(Data block)
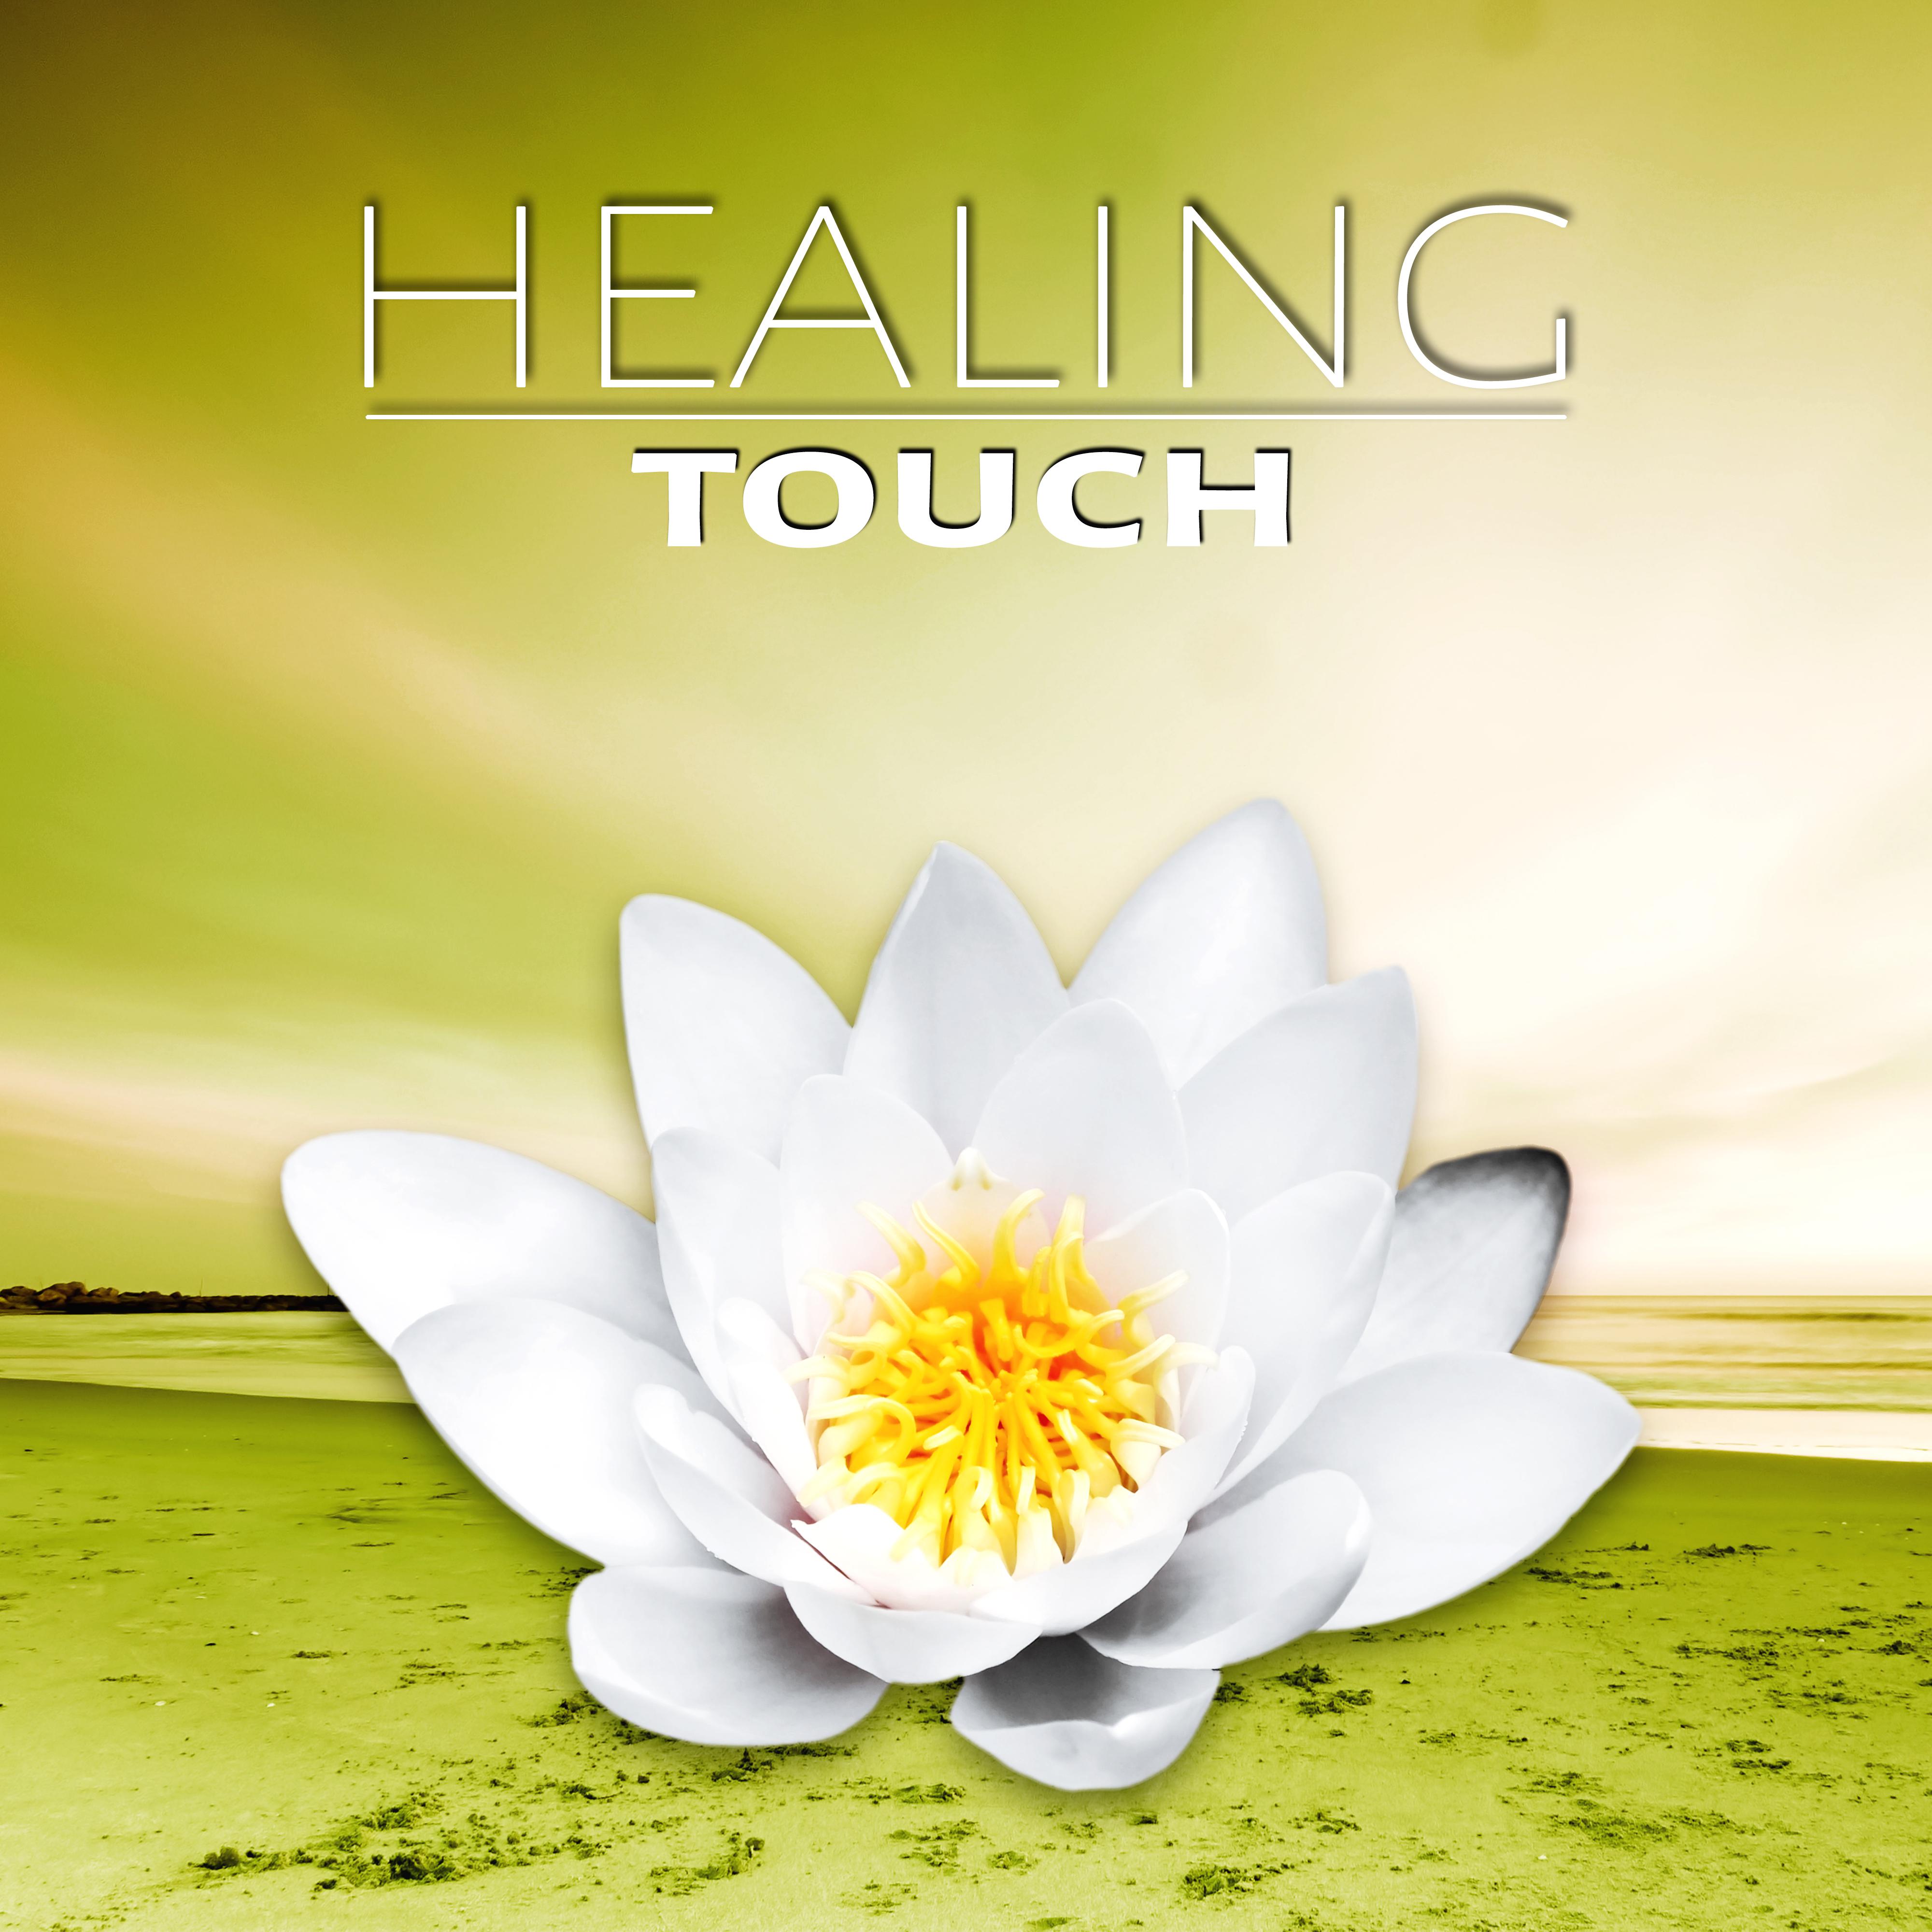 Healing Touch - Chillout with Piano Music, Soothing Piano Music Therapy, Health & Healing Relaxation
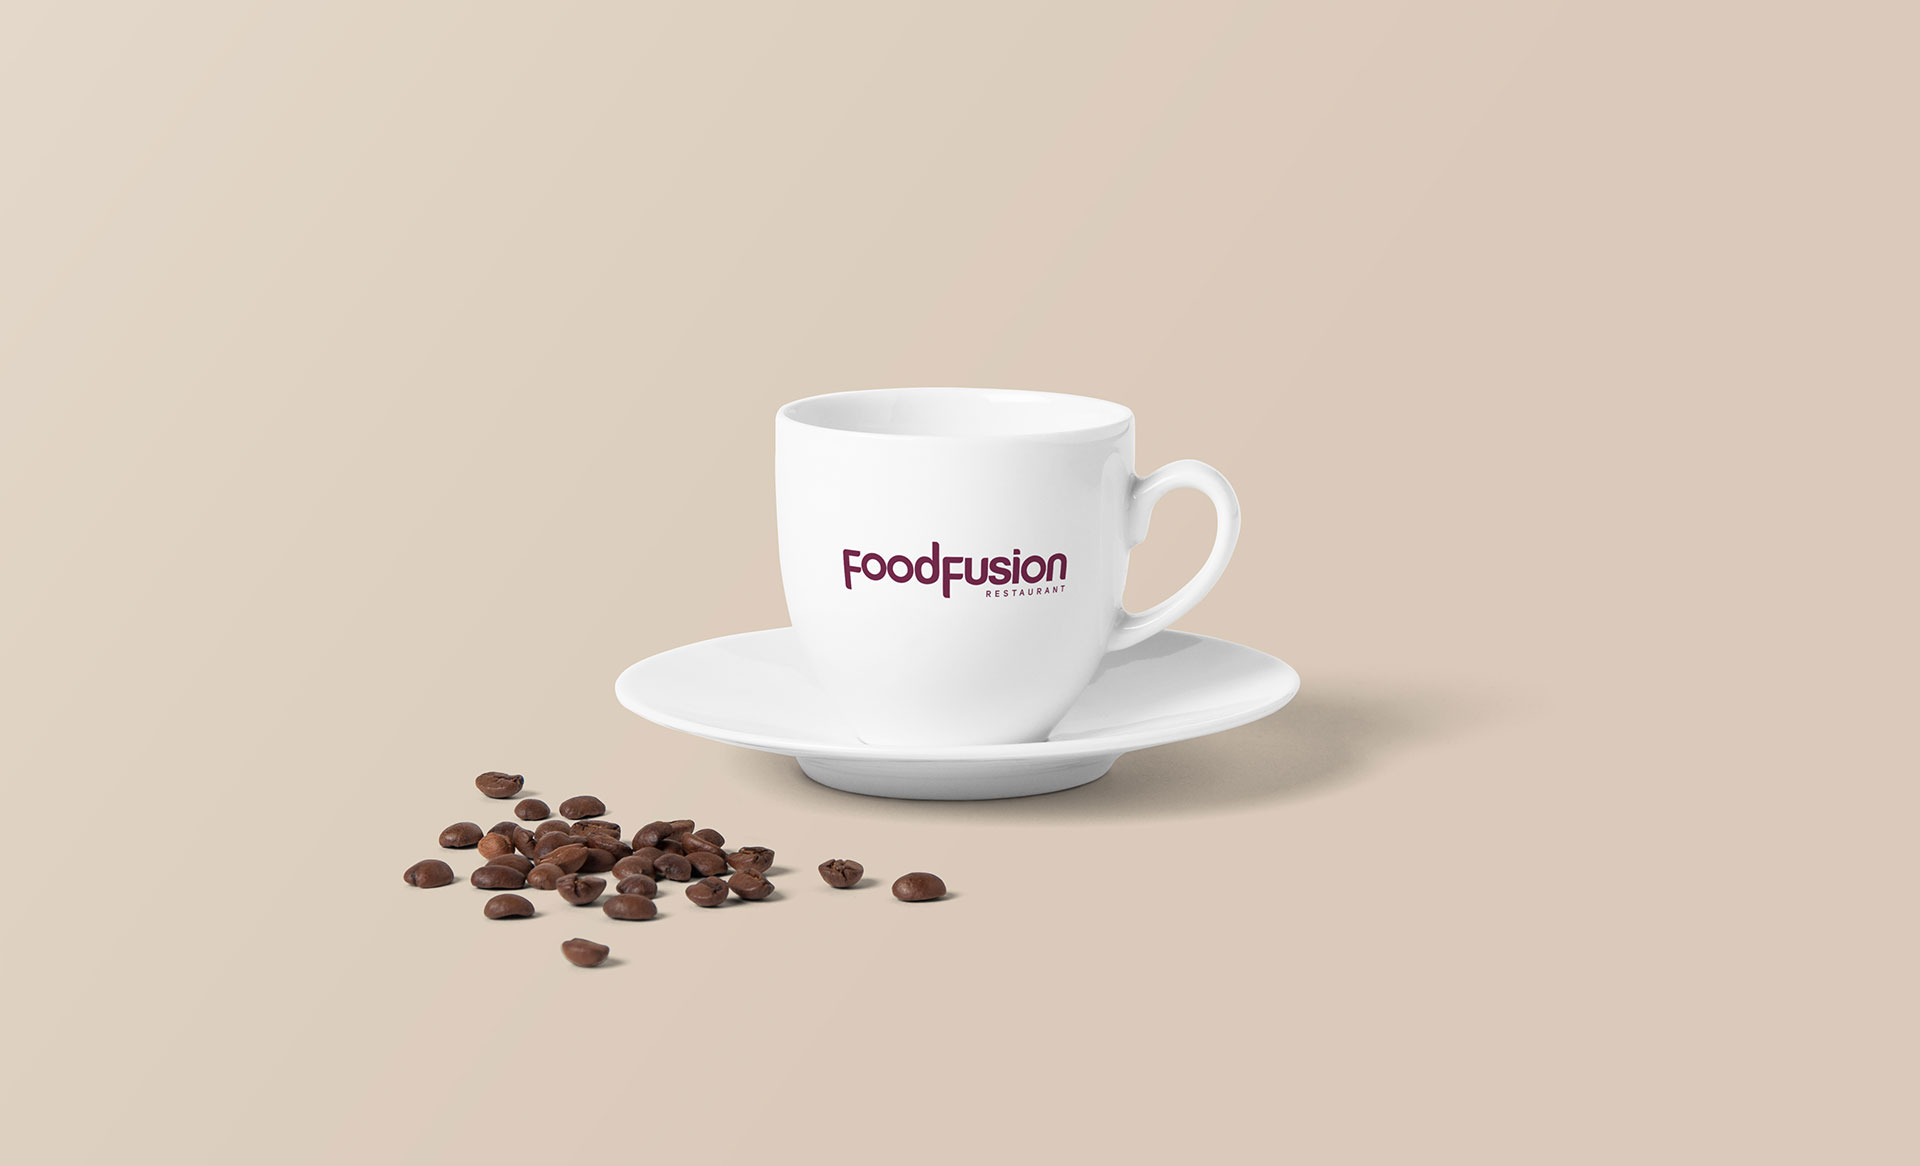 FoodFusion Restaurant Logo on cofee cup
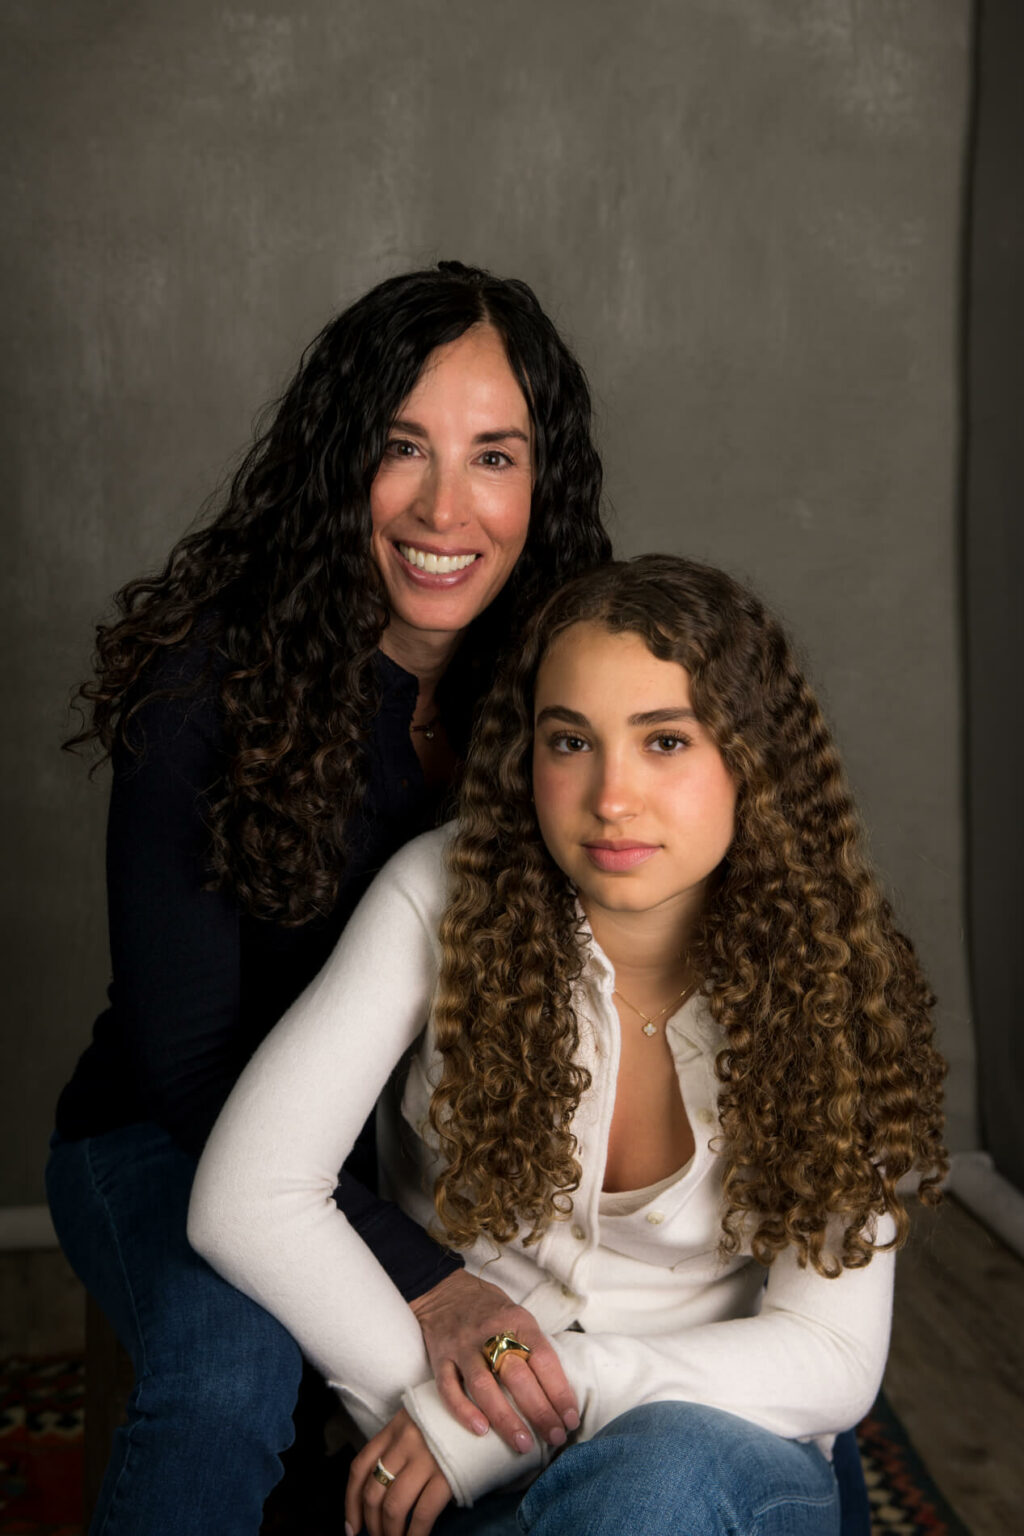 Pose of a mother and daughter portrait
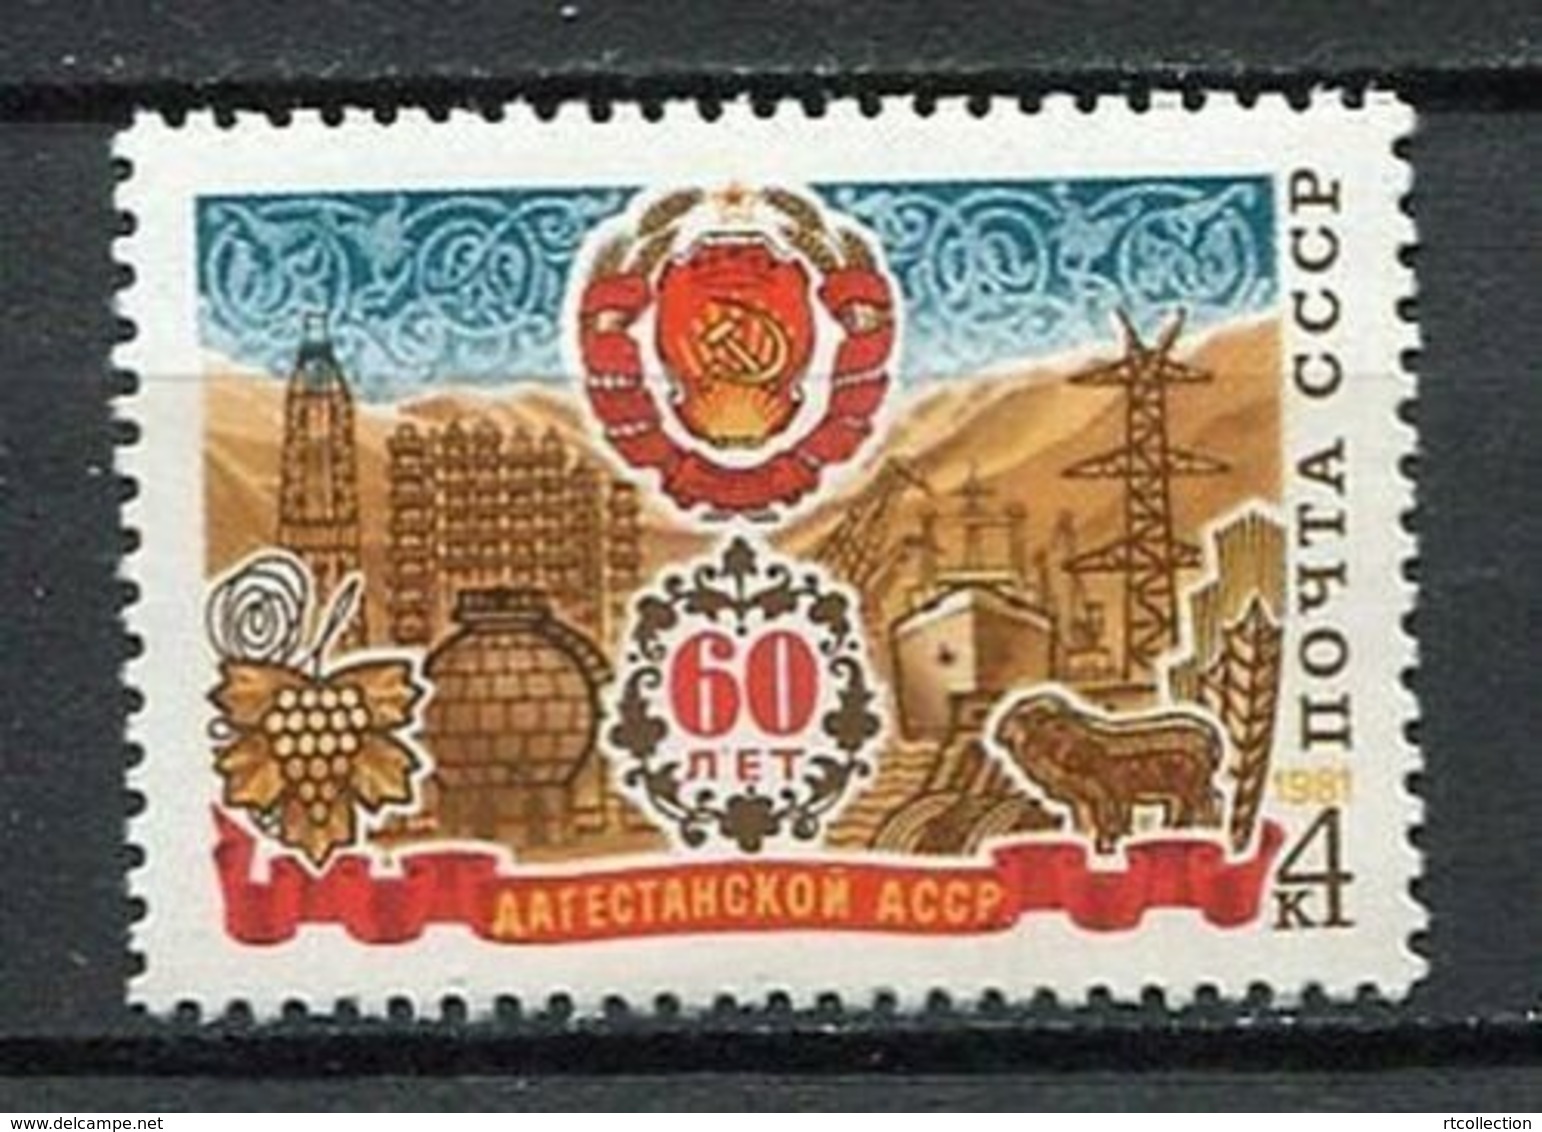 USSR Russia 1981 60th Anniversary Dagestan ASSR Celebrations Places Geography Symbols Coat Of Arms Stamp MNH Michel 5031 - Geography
(End Data block)
- [Work item] Would you transcribe the whole listing above exactly? The pictures should not be included.

- [Solution to this task]
 Healing Touch - Chillout with Piano Music, Soothing Piano Music Therapy, Health & Healing Relaxation
 FoodFusion Restaurant Logo on cofee cup
 Pose of a mother and daughter portrait
 USSR Russia 1981 60th Anniversary Dagestan ASSR Celebrations Places Geography Symbols Coat Of Arms Stamp MNH Michel 5031 - Geography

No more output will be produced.